Search for __m512i (integer-based ZMM registers), with the category "swizzle" (which includes permute, insert, and other such instructions). I figure any potential AVX512 instruction would be a "Swizzle" style instruction.

-------

Note: I originally responded to the wrong location in this thread. I copy/pasted my text to here, which is where I originally intended to respond.

nkurz · on Jan 6, 2019

Do you recall which machines VPCOMPRESSB works on? I think it's next generation Icelake? Or is it there already on Cannonlake? And along the same lines, is there a good general way of looking this up?

Coincidentally, searching for this, I found Geoff Langdale's blog post where in addition to describing VPCOMPRESSB as 'dynamiting the trout stream', he also describes something very close to zwegner's PEXT approach: https://branchfree.org/2018/05/22/bits-to-indexes-in-bmi2-an...

BeeOnRope · on Jan 7, 2019

It's not in Cannonlake (nor the W variants). The D and Q versions are in SKX though and they are 4L2T IIRC.

You need a CPU with VBMI2 for the B variant, can't remember off the top of my head if Icelake has that.

zwegner · on Jan 6, 2019

Oh sweet! That's an awesome instruction. I'd imagine that would be useful for lots of things. I believe I've seen vcompressd before, but totally forgot about it.
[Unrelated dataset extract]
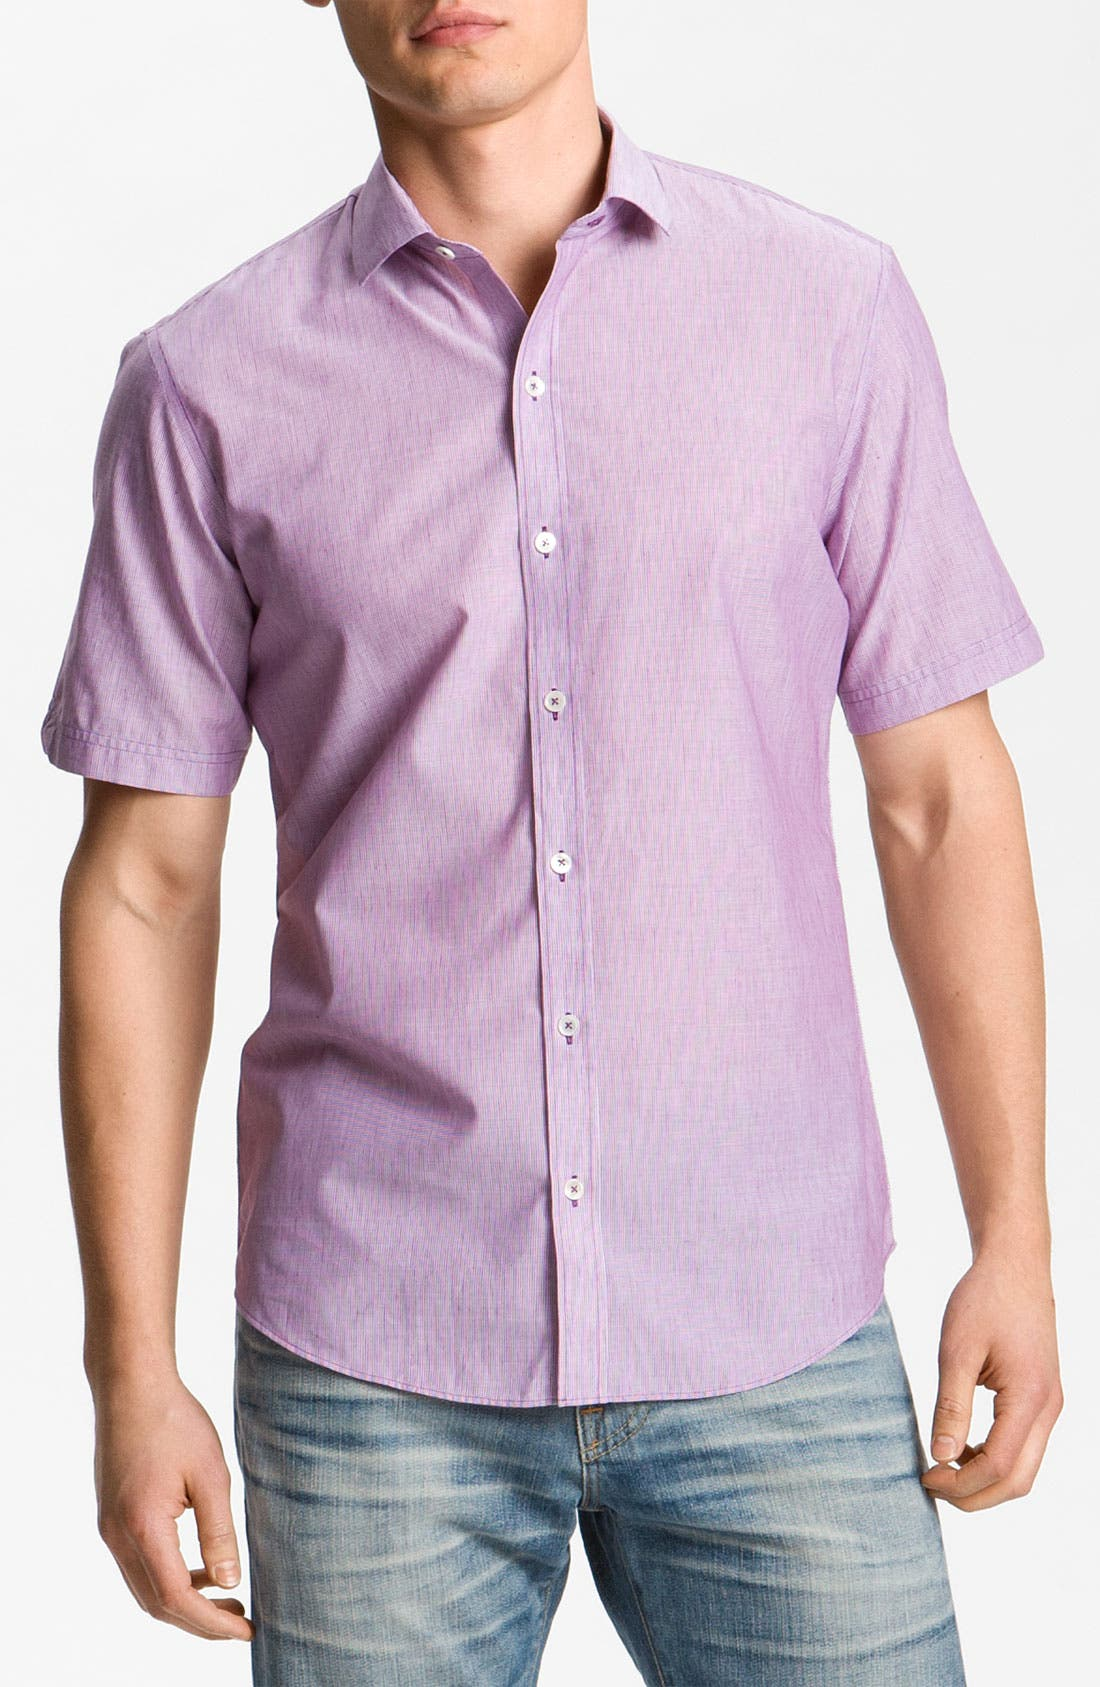 Alternate Image 1 Selected - Zachary Prell 'Jeremy' Sport Shirt

Unfortunately it looks like the byte-wise version is part of AVX512-VBMI2, which won't be out until Ice Lake...

wmu · on Jan 8, 2019

You might have seen vcompessd in context of sorting; I used it for partition part in qsort.

zwegner · on Jan 8, 2019

It actually would've been during my time at Intel working on the graphics stack for Larrabee, in the 2010-2011 timeframe--vcompressd was part of LRBNI. I was mainly doing infrastructure/compiler/optimization type work, and not much graphics stuff, so I can't recall using the instruction personally, but pretty sure it was used in various places around the stack.

wmu · on Jan 6, 2019

> I've been nerdsniped as well. I can't say I'm going to go ahead and try and solve it, but the methodology presented in the post seems suboptimal.

Let me explain it. I do know the presented approach is extremely naive, but... My initial question was: "how slow this might be?", and it turned out that's not that bad as I supposed, so shared this finding with others. :)

Thank you for pointing this article.